At Tegernsee, a movement built on light, space and perception returns with clarity


There are rare moments in art history when a generation does not attempt to refine what came before, but instead chooses to abandon it altogether. In the late 1950s, across a recovering Europe, that moment arrived with a quiet but decisive force.


ZERO

The exhibition ZERO. An International Artists’ Movement. 1957–1966, now on view at the Olaf Gulbransson Museum, revisits a period in which artists rejected the weight of postwar painting and set out to rebuild their practice from a position of near nothingness. The term “ZERO” was not simply a title, but a position. It represented a point of departure where art could exist without narrative, without ideology, and without the emotional intensity that had come to define the years immediately following the war.


What emerged was not a formal group but a network of artists working across cities including Düsseldorf, Milan and Paris, connected through exhibitions, publications and an exchange of ideas that moved fluidly across borders. Their shared interest lay in redefining what art could be when stripped of representation, shifting the focus instead towards light, movement, space and perception.


ZERO

At the centre of this activity were Heinz Mack, Otto Piene and Günther Uecker, whose studios in Düsseldorf became a focal point for experimentation. Their “evening exhibitions” were deliberately fleeting, open for a single night before being dismantled, reinforcing the idea that art was not necessarily an object to be preserved, but an experience to be encountered.


The work itself reflected this shift in thinking. Traditional painting gave way to surfaces that interacted with light, materials that responded to movement, and compositions that changed depending on the viewer’s position. Light was no longer used to illuminate the artwork but became its primary subject, producing effects that felt unstable, immersive and often intangible.

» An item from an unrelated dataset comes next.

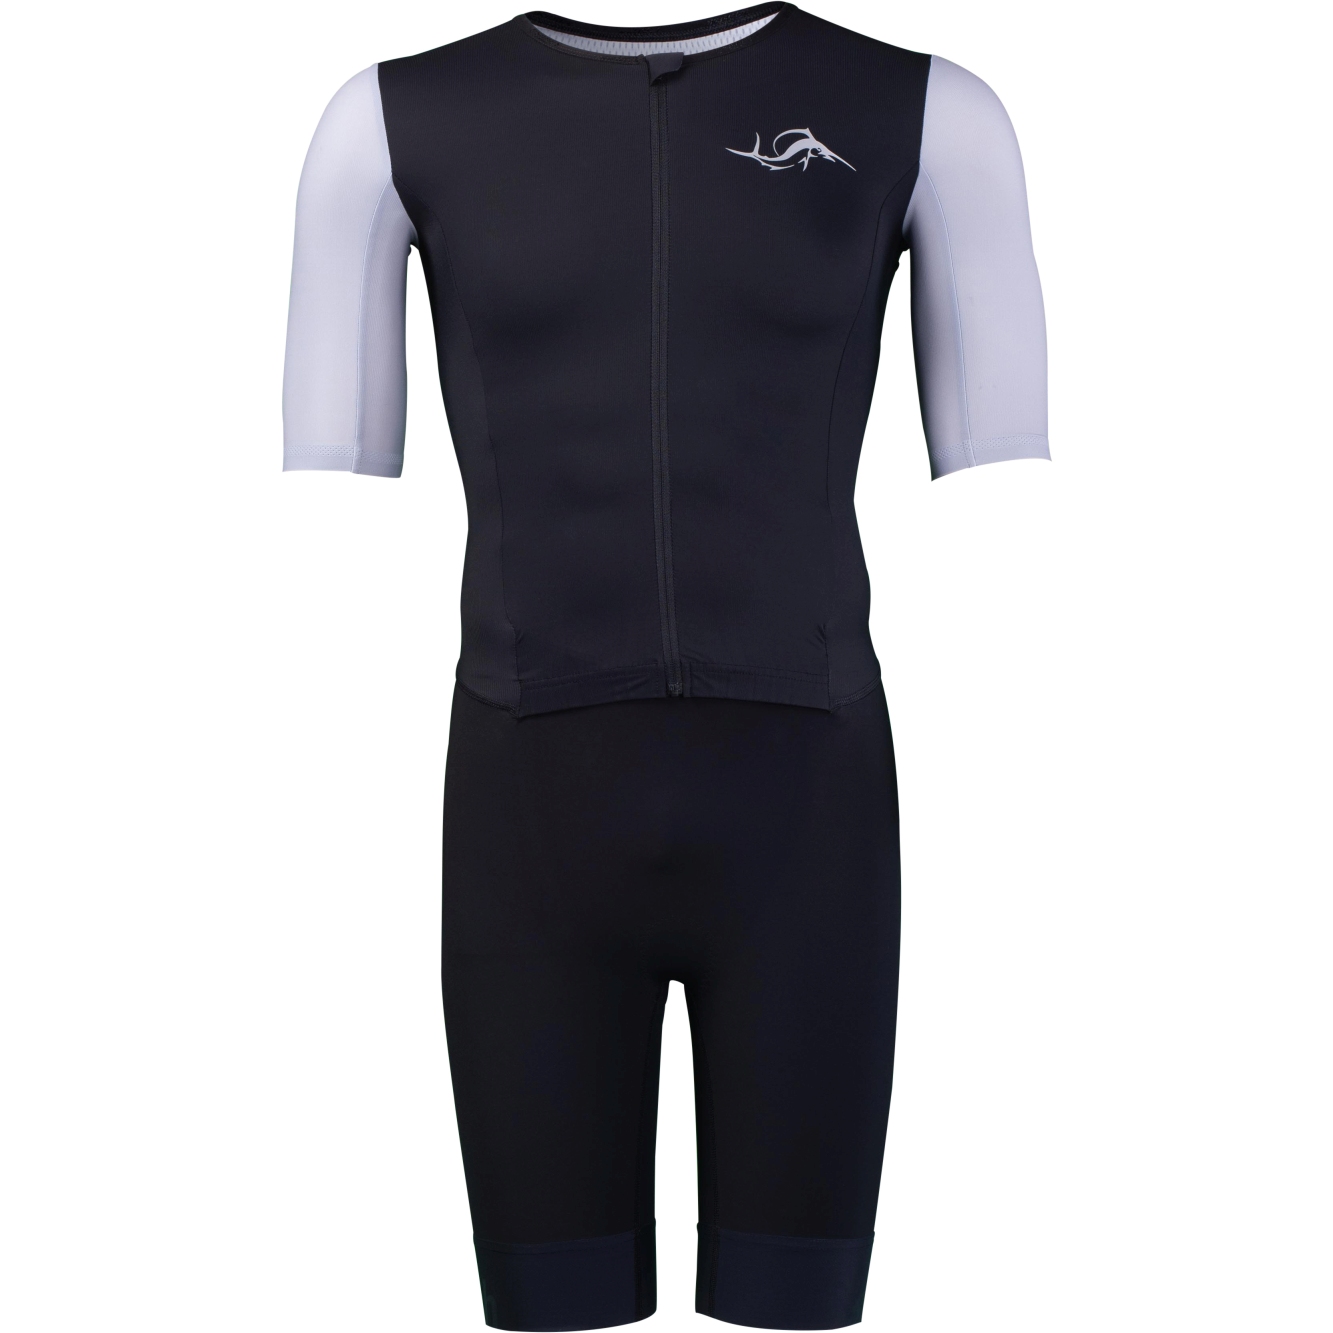 Produktbild von sailfish Herren Aerosuit Perform Triathlon-Einteiler - schwarz

For Mack, this exploration of light was deeply personal, shaped by early memories of contrast and illumination during wartime, and later intensified through his encounters with the vast, reflective landscapes of the Sahara. His work translates these experiences into structured, abstract forms that balance precision with something more elusive, creating a sense of space that appears to shift as it is observed.


Beyond Germany, the movement extended through a broader European network that included figures such as Lucio Fontana, Yves Klein, Piero Manzoni and Yayoi Kusama. Each approached similar ideas through different methods, whether through monochrome surfaces, spatial interventions or repetitive structures that altered the viewer’s sense of scale and continuity.


ZERO

The exhibition also repositions the role of women within the ZERO movement, acknowledging the contributions of artists such as Dadamaino and Nanda Vigo, whose work engaged directly with questions of space, light and perception. Their presence here is not supplementary but integral, offering a more complete understanding of the movement’s scope.


Although ZERO formally disbanded in 1966, its influence has continued to shape contemporary art practices, particularly in areas such as installation, minimalism and conceptual work. The emphasis on perception over object, and experience over narrative, has become a defining characteristic of much of today’s visual culture.


What this exhibition ultimately demonstrates is that ZERO was never about emptiness in the literal sense, but about creating the conditions for something new to emerge. By reducing art to its essential elements, these artists opened up a space in which light, movement and time could become the subject, rather than the support.


It is this clarity of intention that continues to resonate, offering a reminder that sometimes the most radical act is not to add more, but to begin again with less.